_ACTION ITEM:_
Wherever a picture appears in the data below, omit it, and restate everything else word for word.

_STORED DATA:_
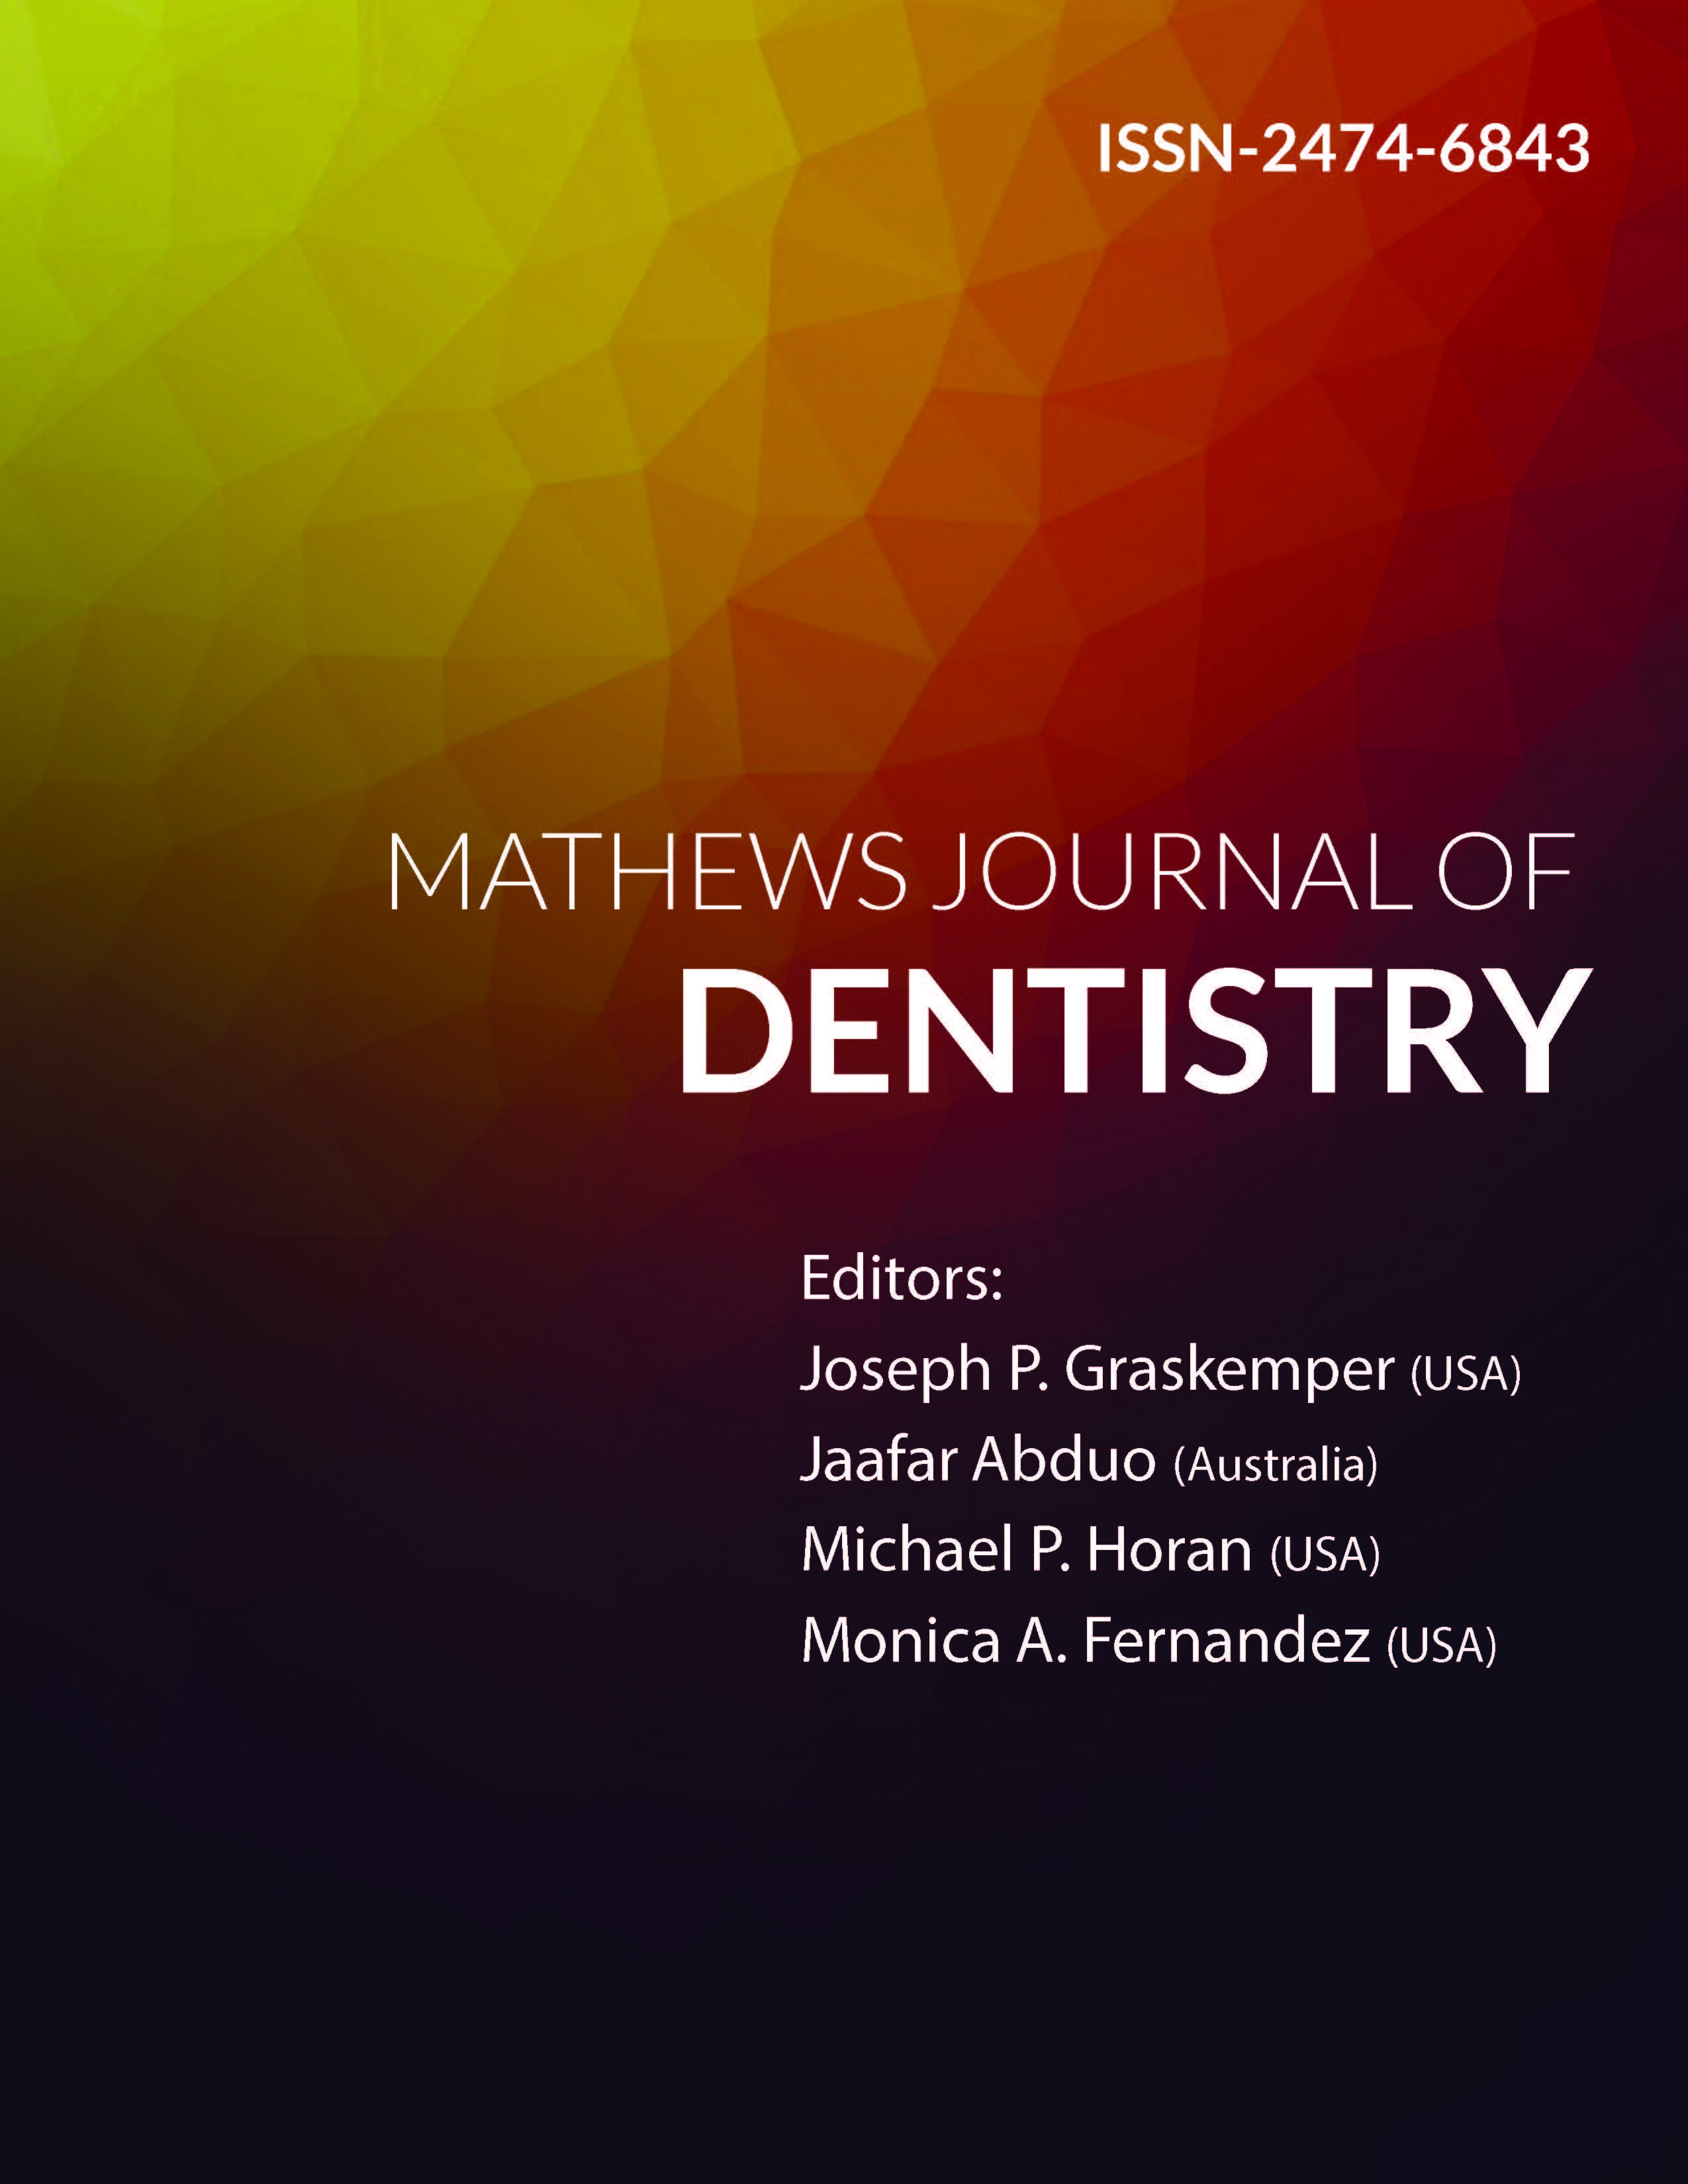 Mathews Journal of Dentistry
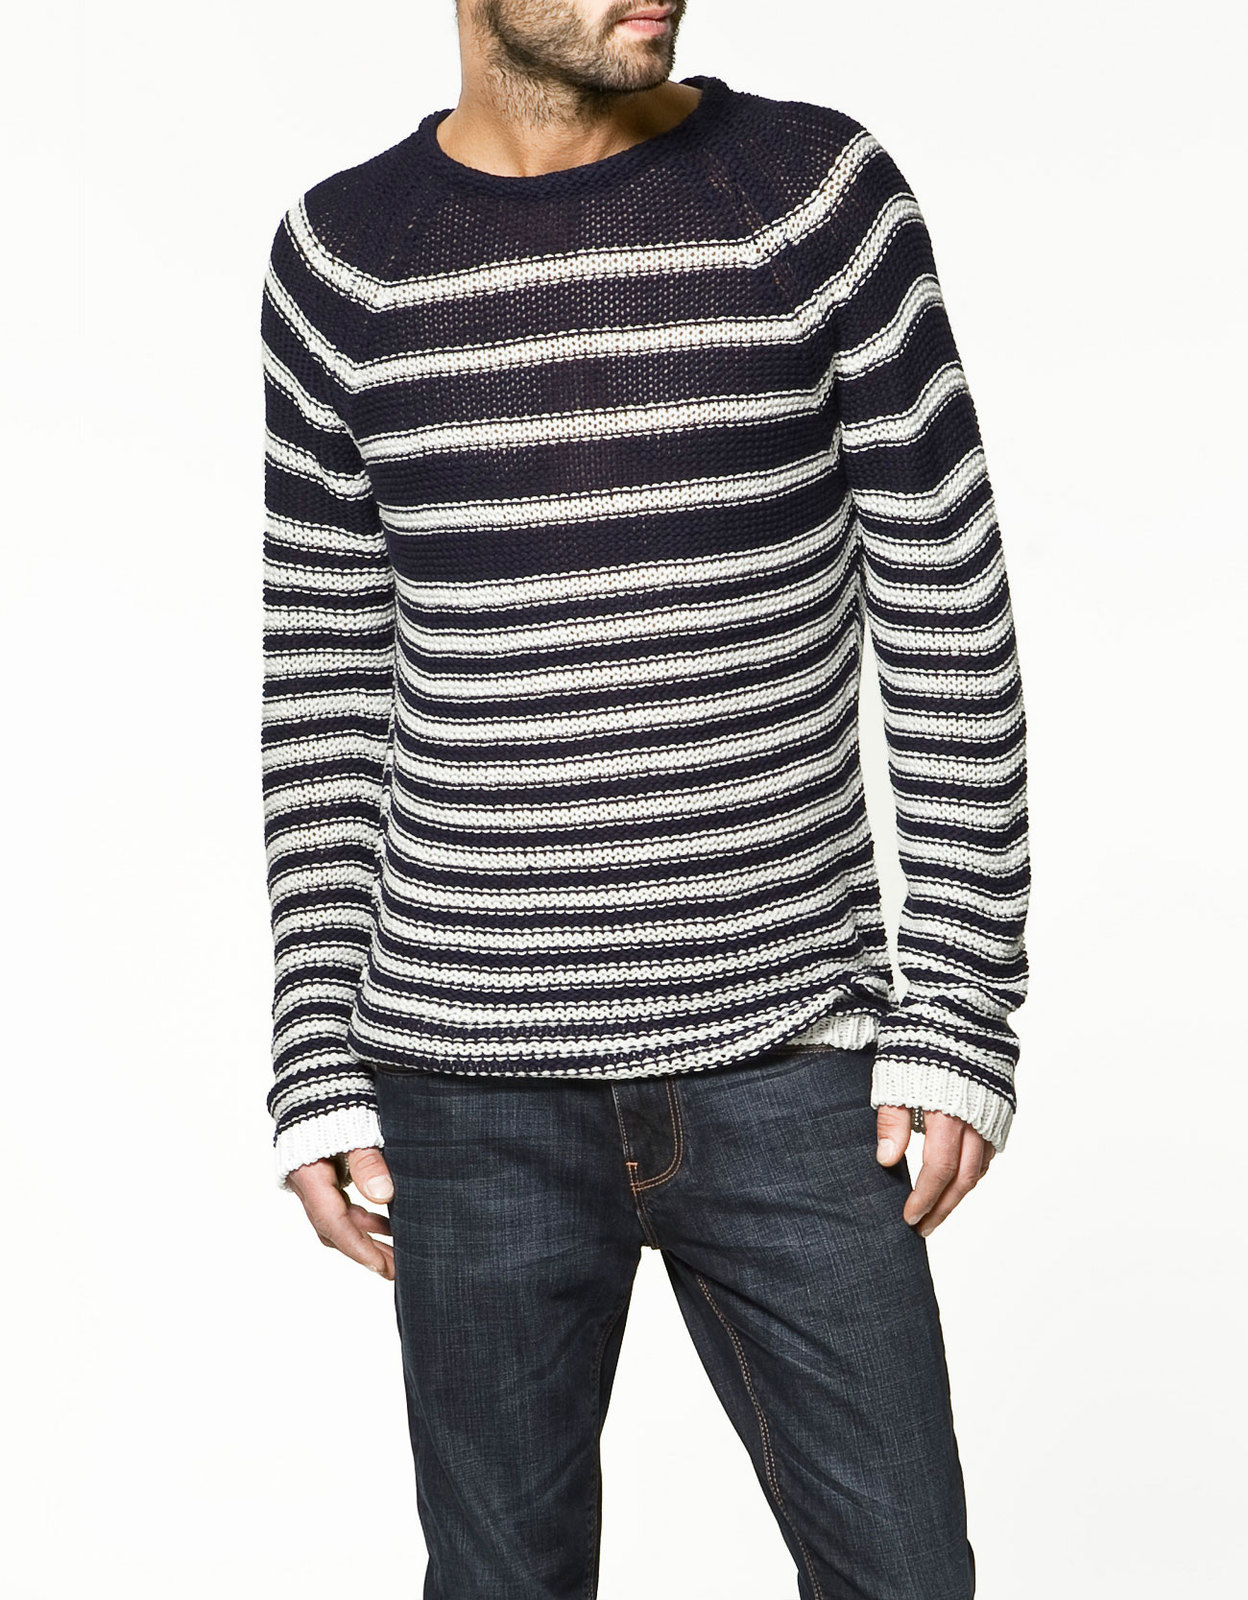 Zara csíkos kötött pulóver fotója
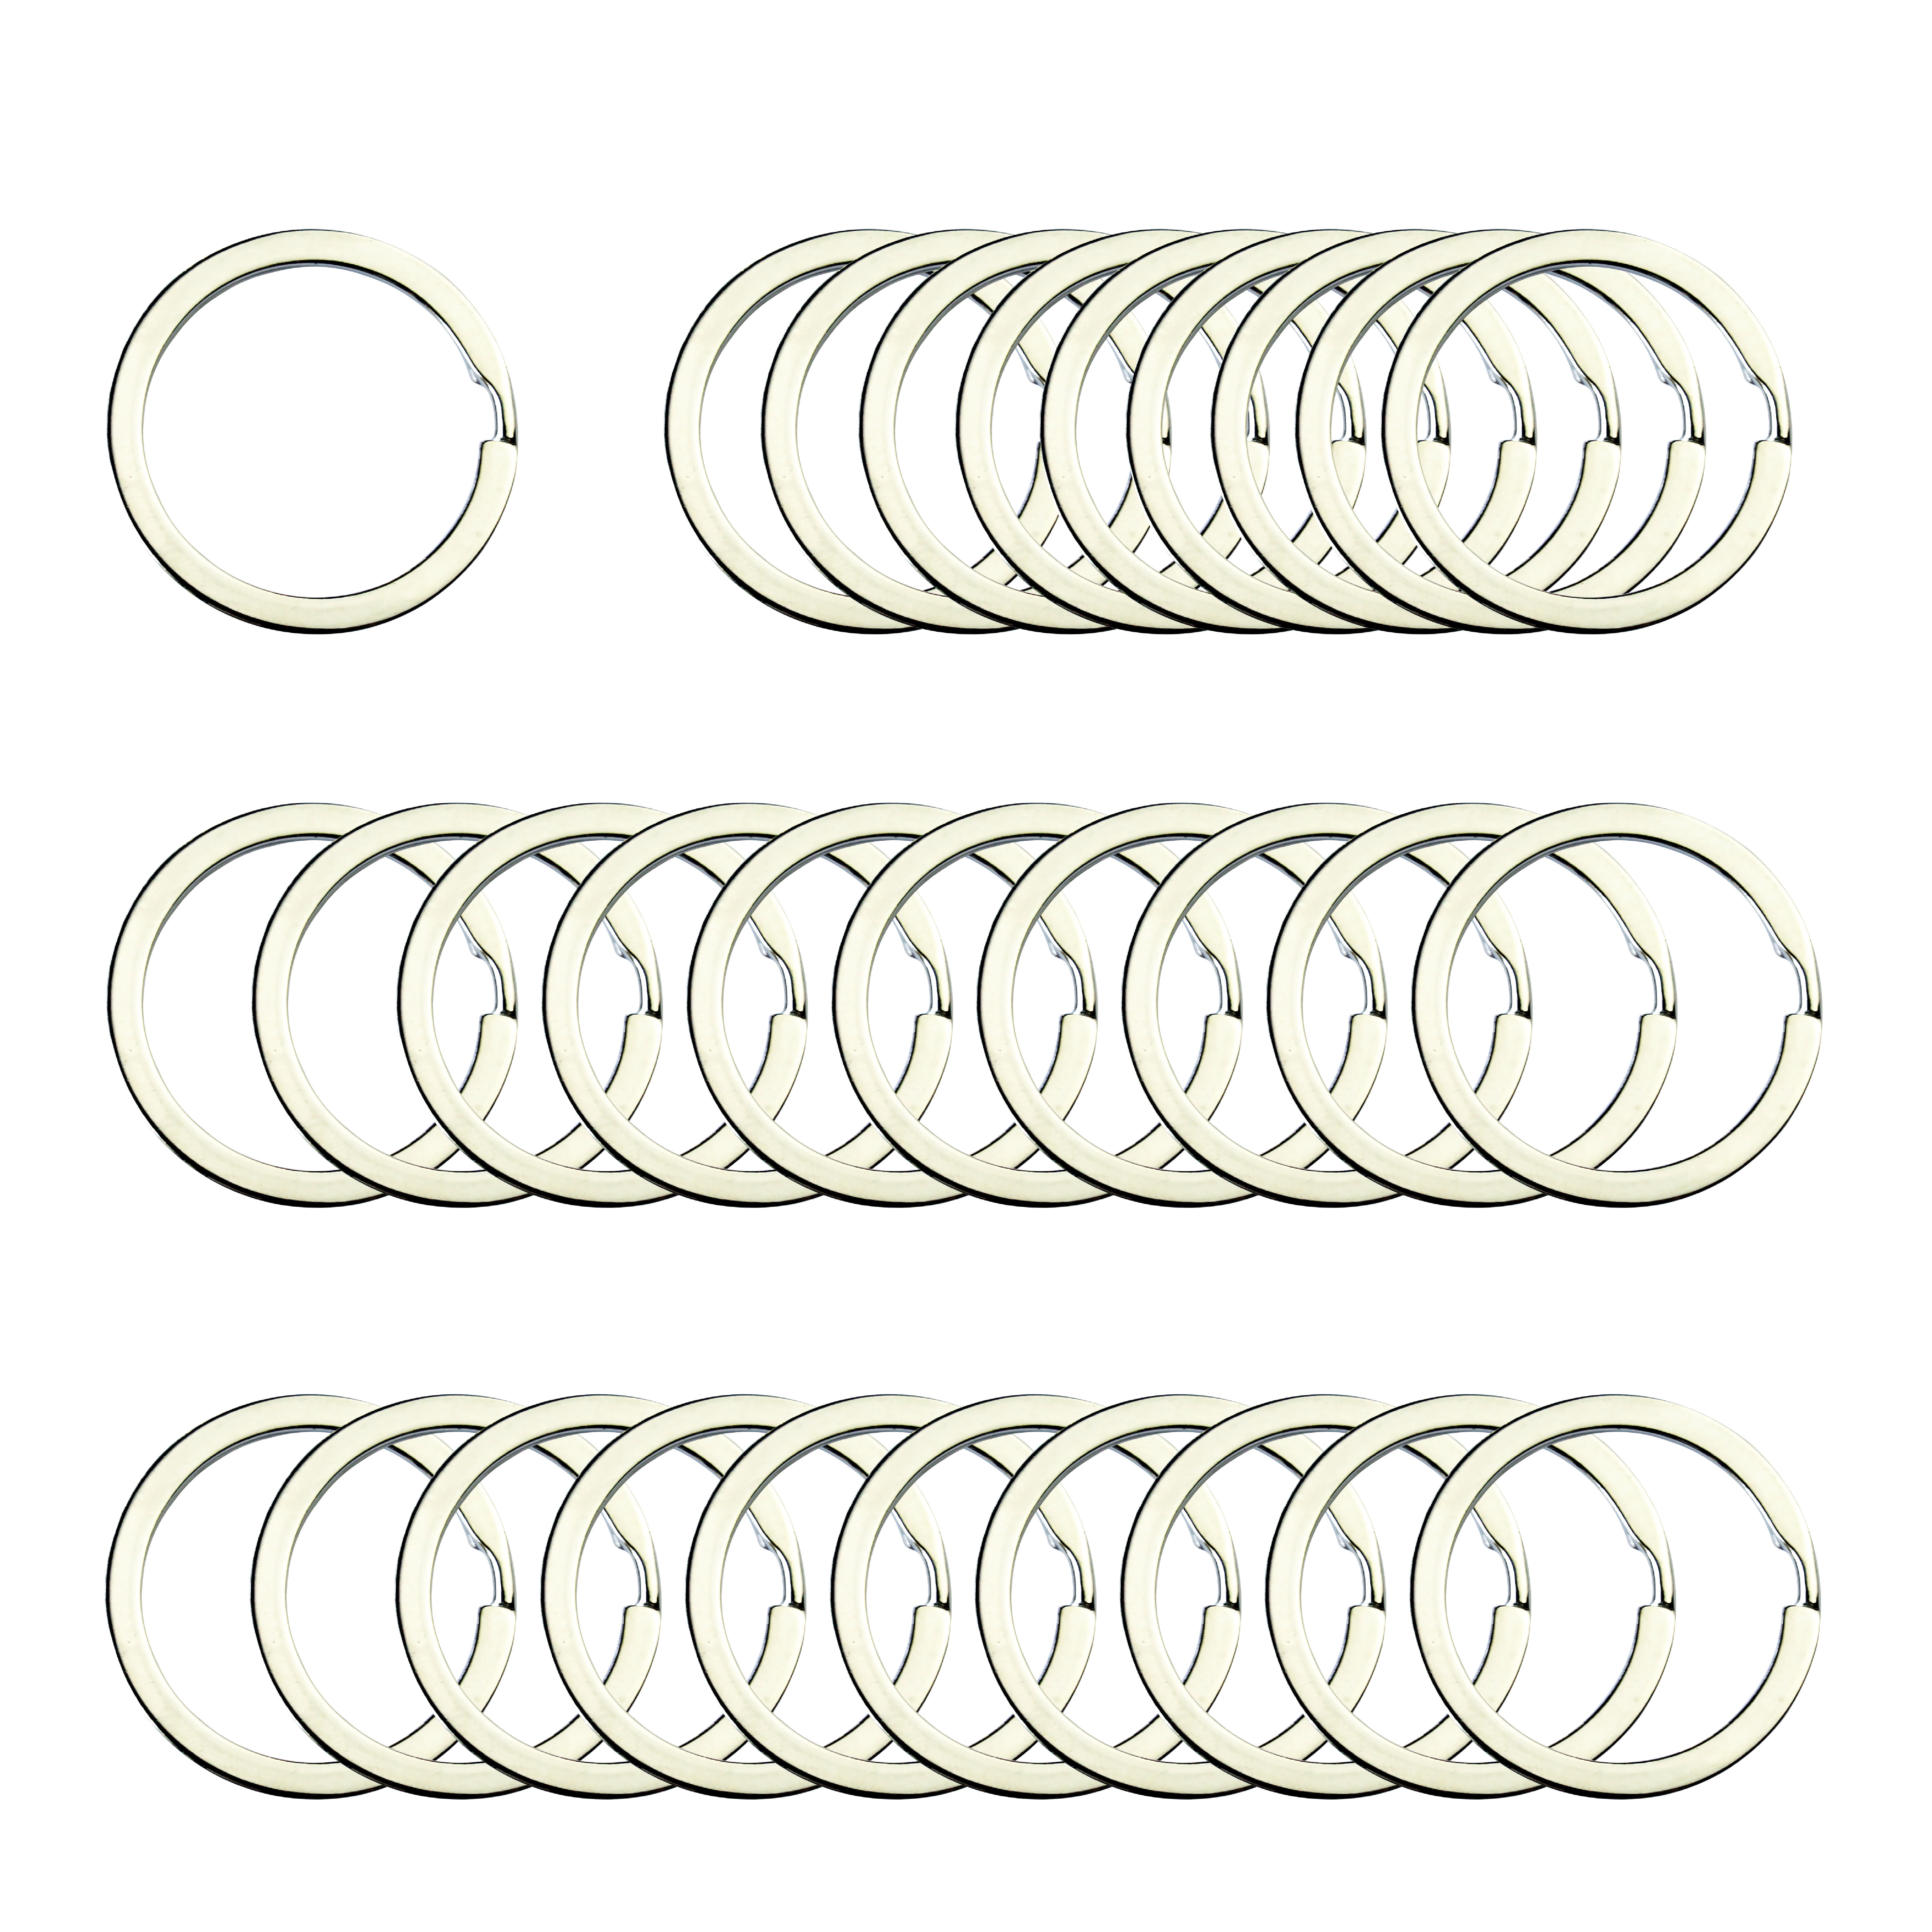 Key Rings Metal Flat Split Key Chains Rings for Home Car Keys Attachment 1 Inch/25mm,Black,50PCS/Box

_TASK OUTPUT:_
 Mathews Journal of Dentistry
 Zara csíkos kötött pulóver fotója
 Key Rings Metal Flat Split Key Chains Rings for Home Car Keys Attachment 1 Inch/25mm,Black,50PCS/Box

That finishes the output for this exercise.